Primer camino: la compresión por la violencia, el asimilismo, la extinción brutal de la aspiración catalana. Nadie lo quiere, nadie lo desea. Ni aun los más enconados de vuestros adversarios tienen contra Cataluña propósito tan absurdo y cerril. Y aunque lo tuvieran, serían completamente inútil, porque por los caminos de la violencia se aplazan algunas cosas, pero no se resuelve ninguna. Todavía está Cataluña pasándonos facturas del conde-duque de Olivares y de Felipe V. Recientemente, la Dictadura tuvo la ingenuidad de creer que había suprimido el problema porque había desatado sobre el resolvió nada; al caer la Dictadura el problema estaba mucho más enconado que antes. No hay asimilismo que resuelva el problema.
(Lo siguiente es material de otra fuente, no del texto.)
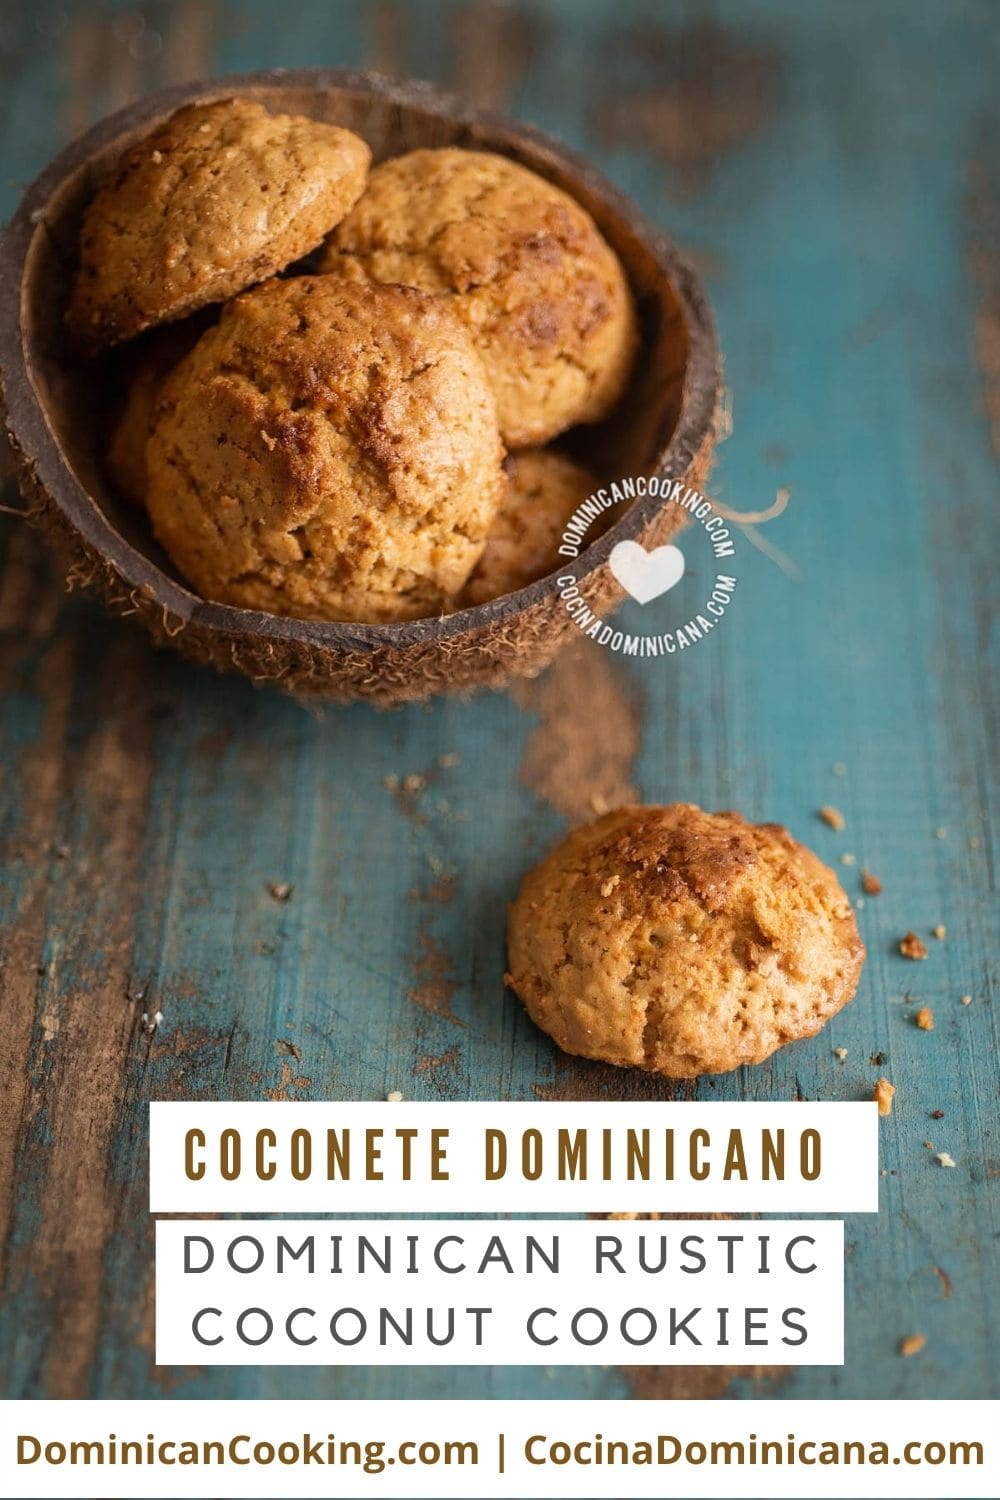 Coconete dominicano (rustic coconut cookies) recipe.
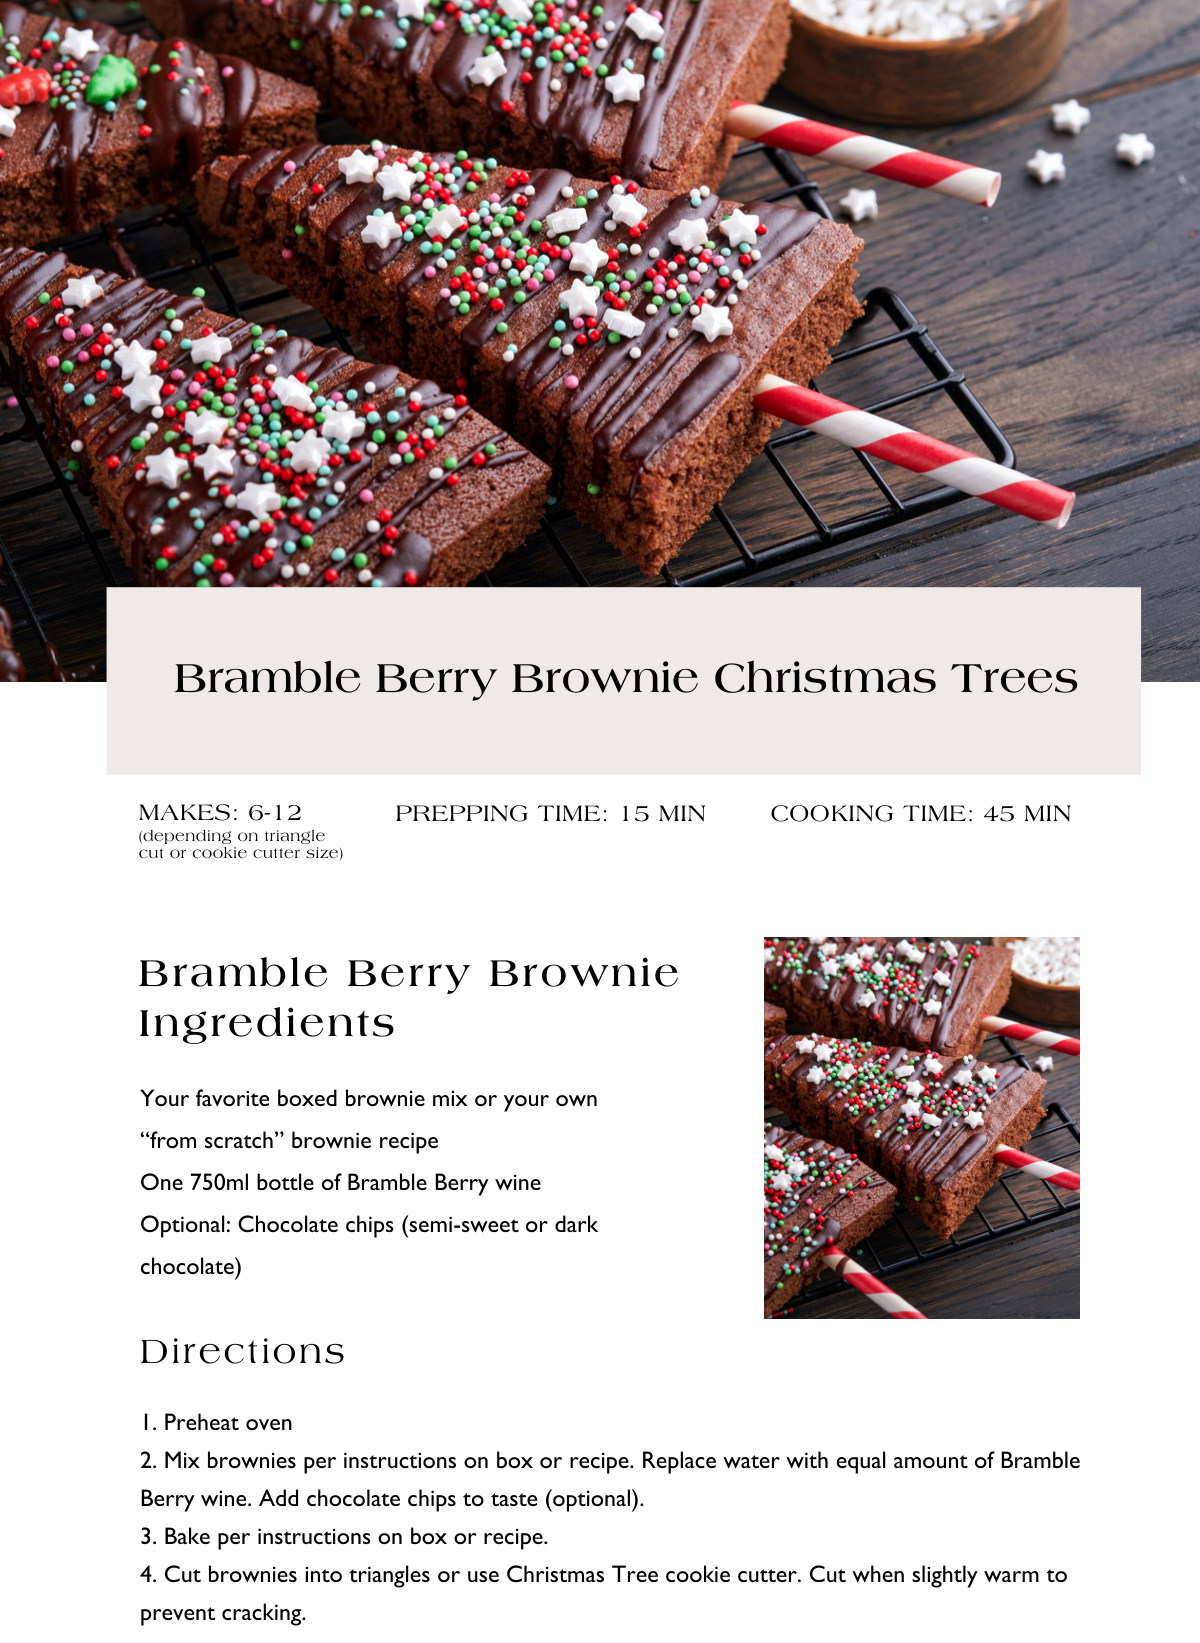 Bramble Berry Brownie Christmas Tree Recipe and ingredients.

Segunda fórmula: la separación. Parece que hay separatistas allá; parece –y esto es novedad– que hay separatistas aquí. De tiempo atrás algunos catalanes han sostenido la necesidad de apartarse de España, recabando una plenitud de independencia. Ahora, cuando ellos no lo dicen (por lo menos no lo dicen los que tienen solvencia), cunde la especia por el resto de España, y otras personas exacerbadas, excitadas, indignadas, exclaman: «Acabemos; déseles no la autonomía, sino la independencia total, la Aduana del Ebro, y hemos terminado». Yo no consigo asustarme demasiado ni por los unos ni por los otros, porque creo que ni en Cataluña ni en el resto de España hay separatistas. Creo que hay en Cataluña quienes dicen que son separatistas, y hasta pienso que ellos, de buena fe, piensan también que lo son; pero el curso de la Historia nos enseña que cuando llega el momento de serlo de veras, un llamamiento del afecto, un consejo de la conveniencia, un imperativo cualquiera de la realidad basta para acabar con toda aquella literatura de la desesperación y para colocar a las gentes en su terreno. ¿Por qué? Porque en España hay algo más, bastante más de lo que dicen los espíritus enconados en el momento del enojo. No quiero hablar con un texto mío; citaré uno de persona que, aunque políticamente haya merecido muchas impugnaciones de vuestra parte y de la Cámara en general, no se puede negar que ha sido un catalanista tipo y un gran conductor de la fe y del fervor catalanistas; me refiero al Sr. Cambó. Pues el Sr. Cambó, viejo y pertinaz catalanista, dice: «Es innegable que entre Castilla y Cataluña y entre Portugal y Vasconia hay diferencias más profundas que las existentes entre Sicilia y el Piamonte, entre Provenza y Bretaña, entre Inglaterra y Escocia…, y no digamos si entre Prusia, Baviera y Austria. Pero esa diferencia esencial entre los núcleos raciales no destruye el hecho de una unidad geográfica cuya trascendencia política han venido acentuando unos siglos de historia común sincera y efusivamente compartida, una unidad económica fuertemente articulada y hasta ciertas realidades demográficas, como la actual magnitud y complejidad de Barcelona, únicamente compatibles con su indignación dentro de una gran unidad política. El olvido de una realidad hispánica, a la cual está inexorablemente ligada Cataluña, sería políticamente tan funesto en el siglo XX como lo fue en la Edad Media».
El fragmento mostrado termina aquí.